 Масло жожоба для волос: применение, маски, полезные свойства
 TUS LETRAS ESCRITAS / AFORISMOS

======

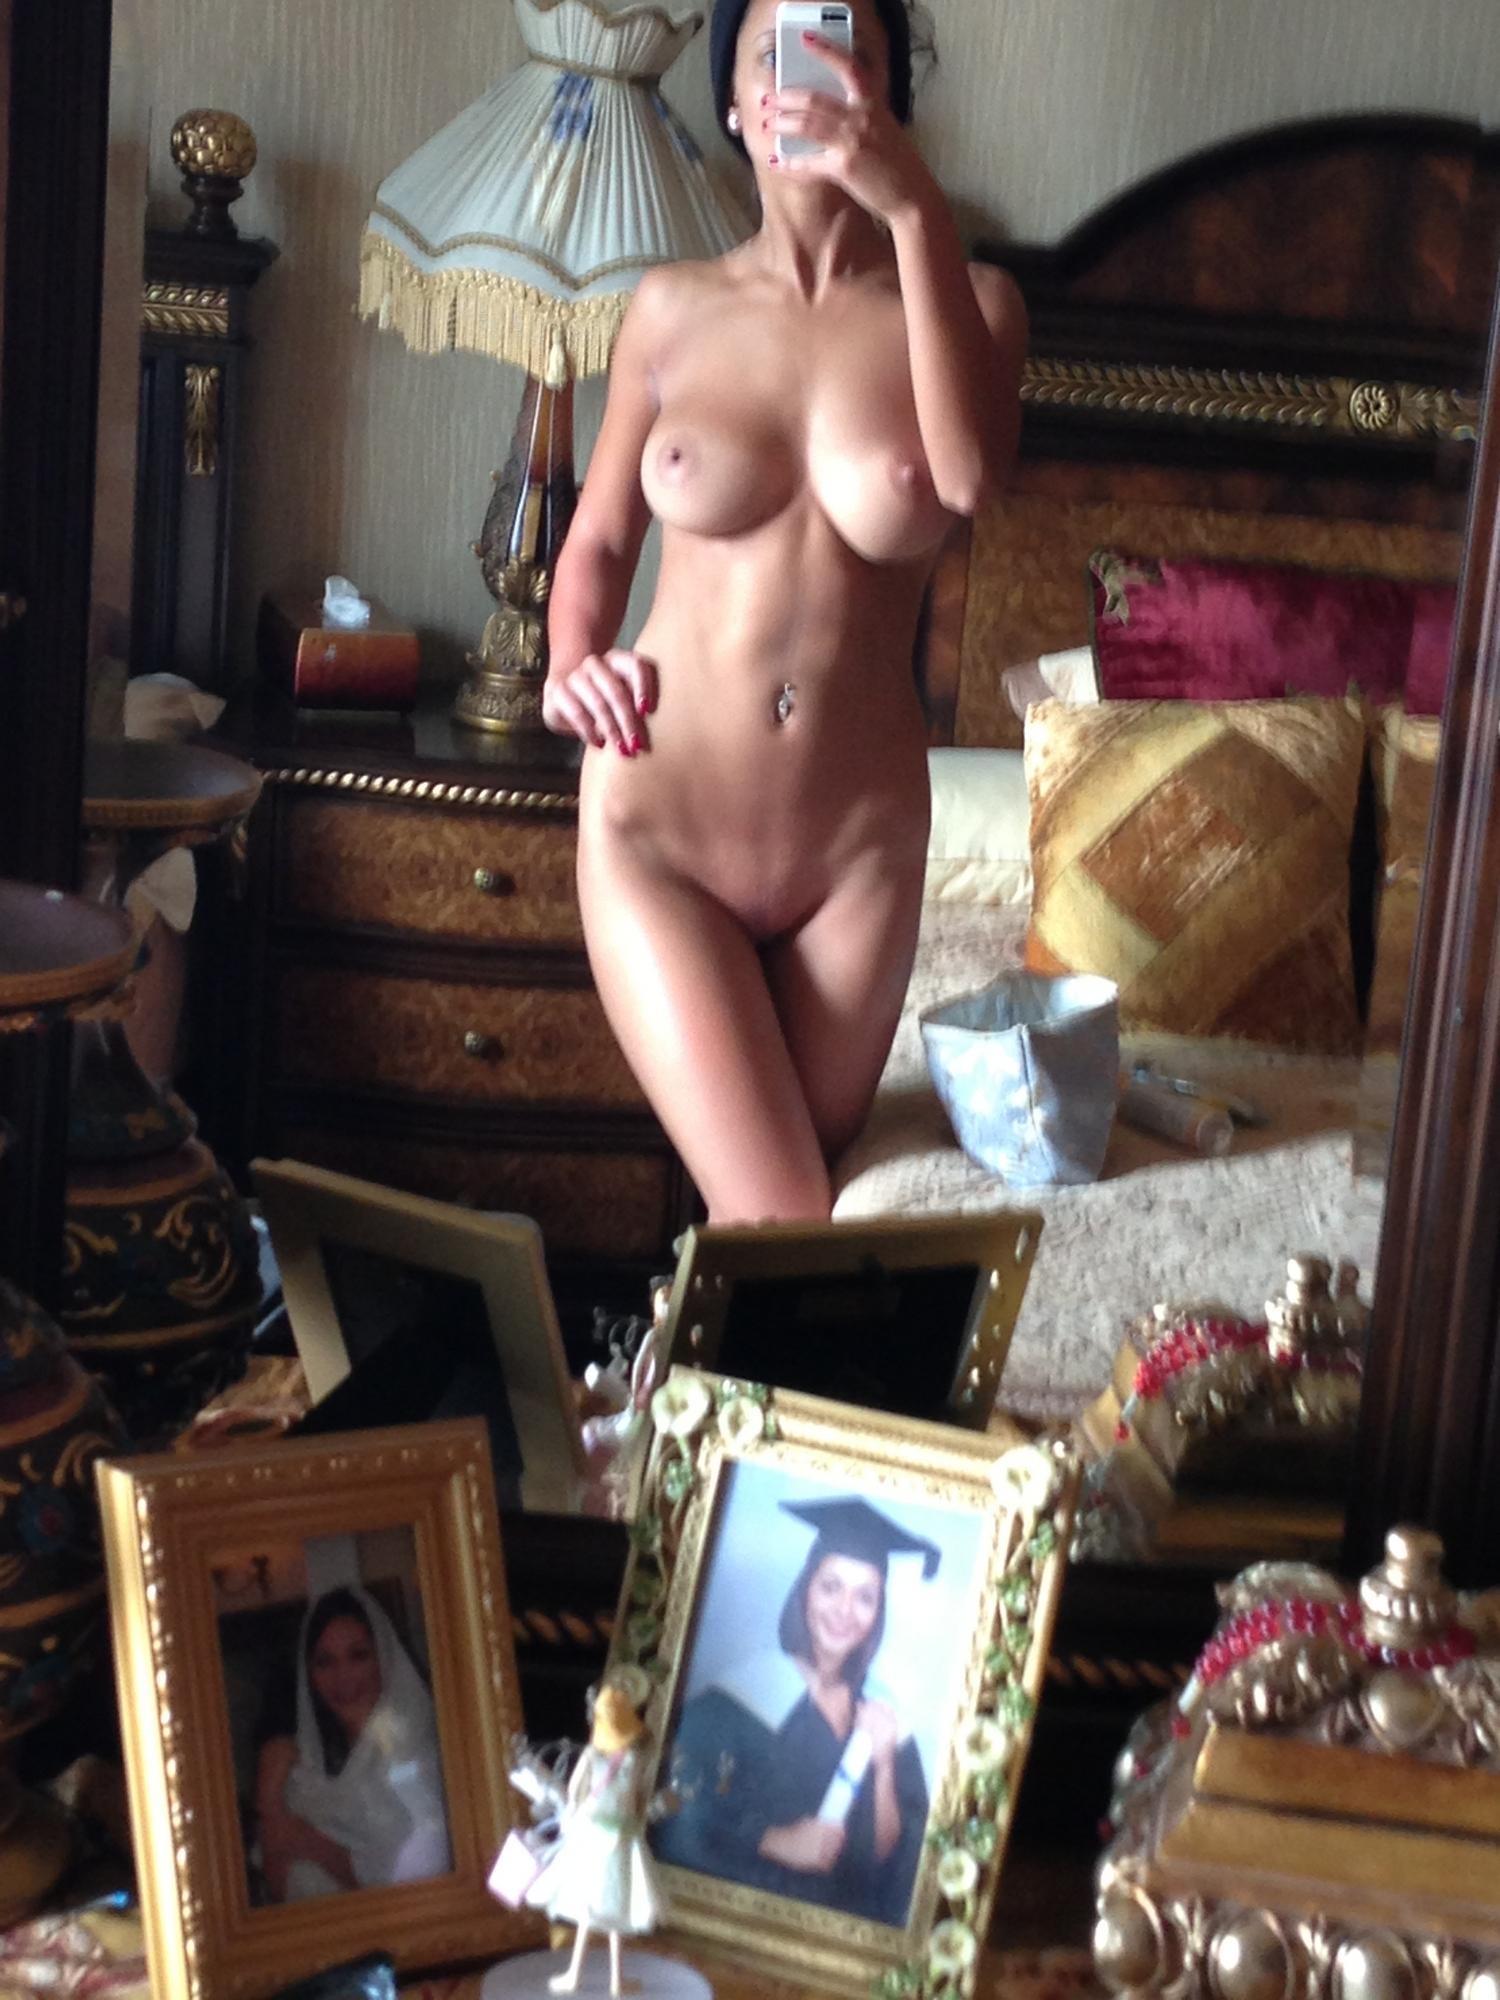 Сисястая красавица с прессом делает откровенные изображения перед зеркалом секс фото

======

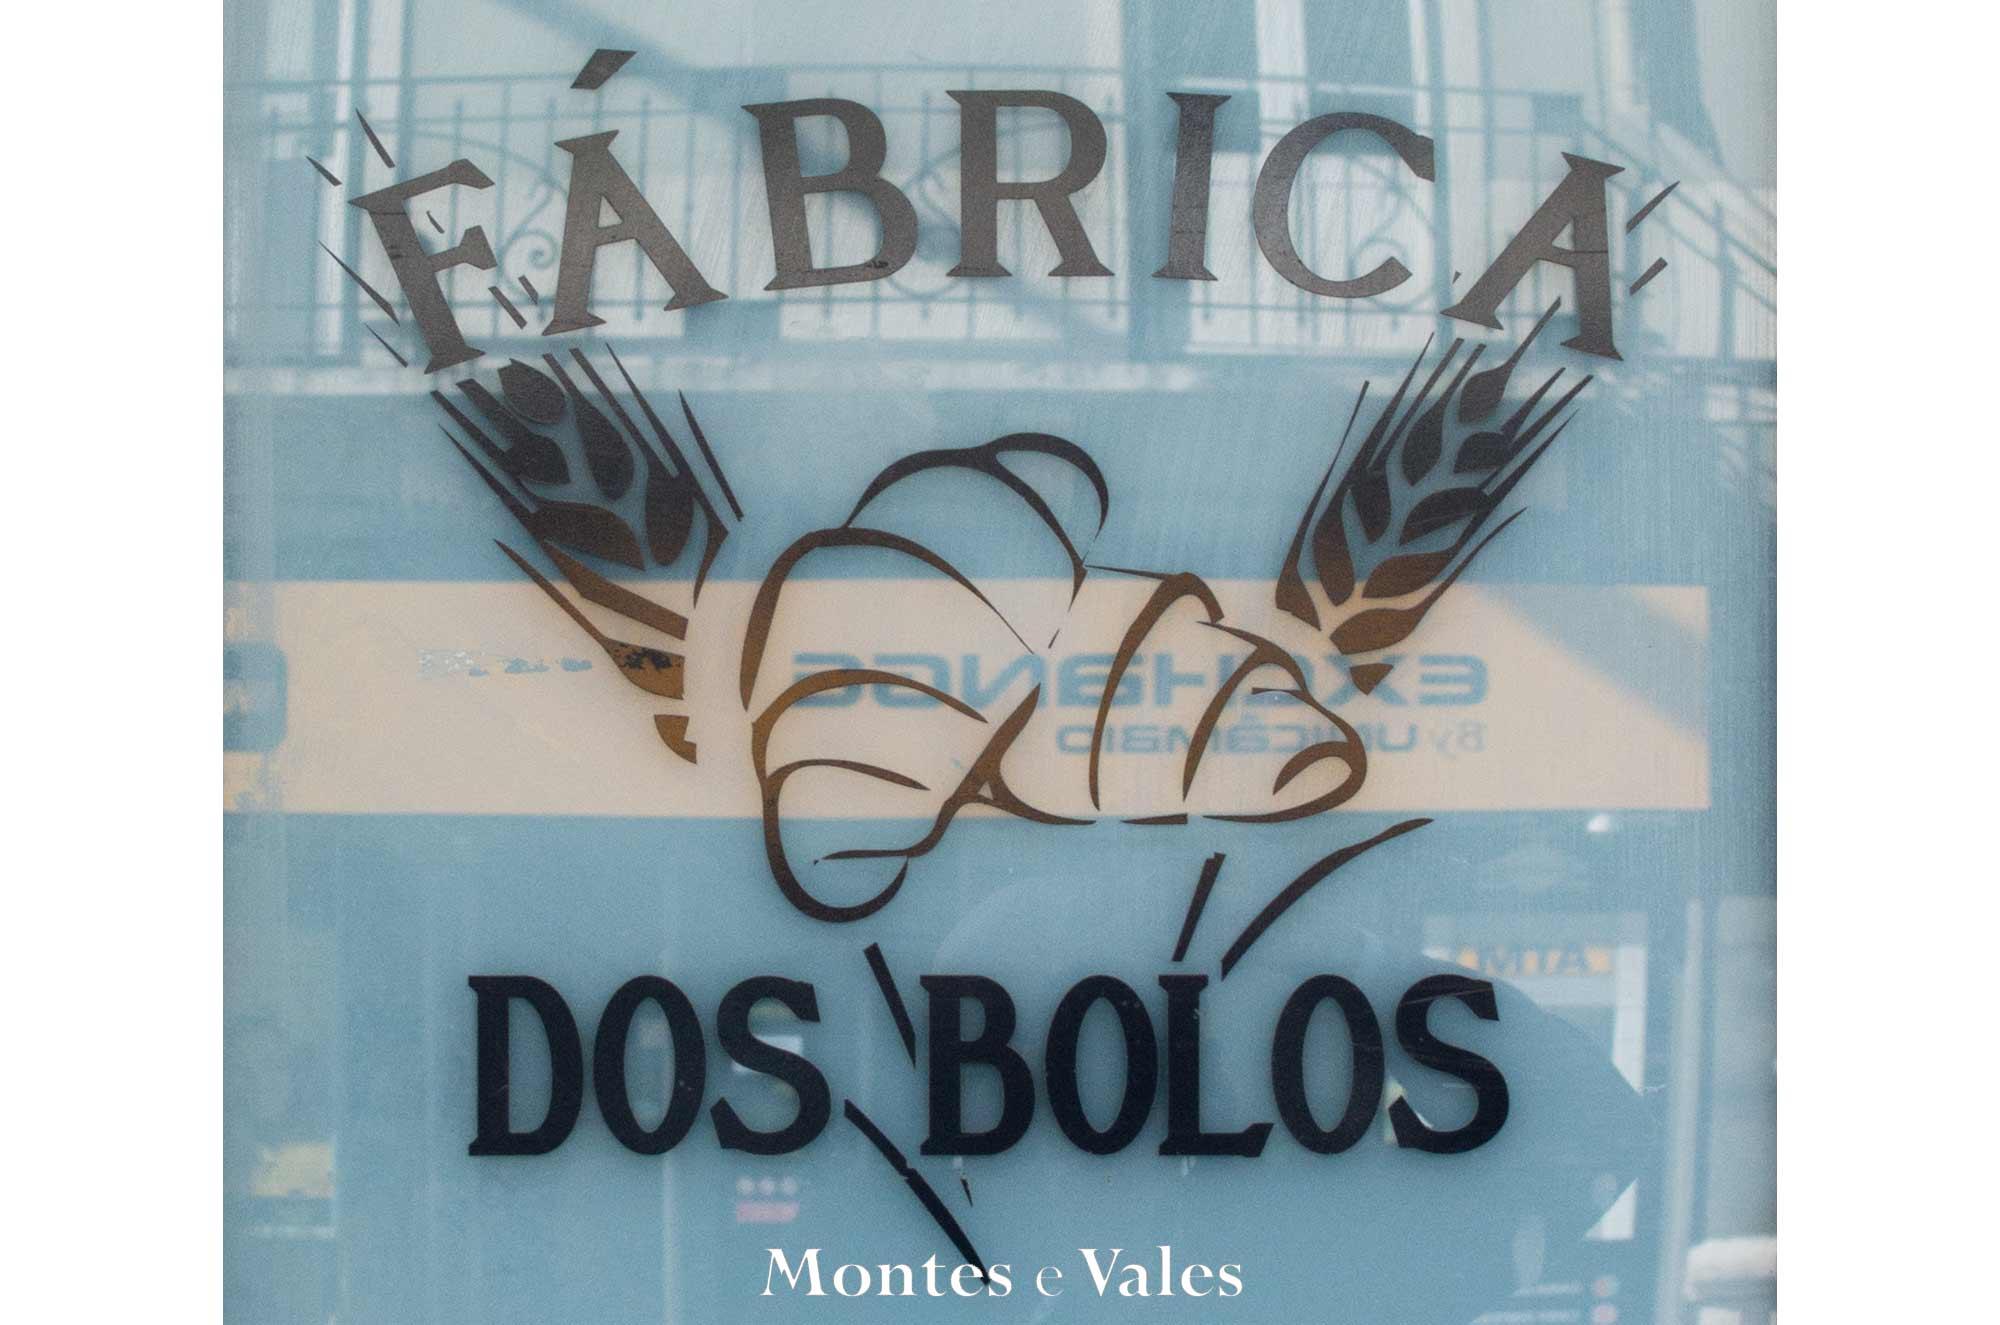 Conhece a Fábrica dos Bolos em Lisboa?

======

The lines above, starting at the one with "Масло жожоба для" and ending at the one with "TUS LETRAS ESCRITAS / AFORISMOS", are the only ones to return, exactly as written.

 Масло жожоба для волос: применение, маски, полезные свойства
 TUS LETRAS ESCRITAS / AFORISMOS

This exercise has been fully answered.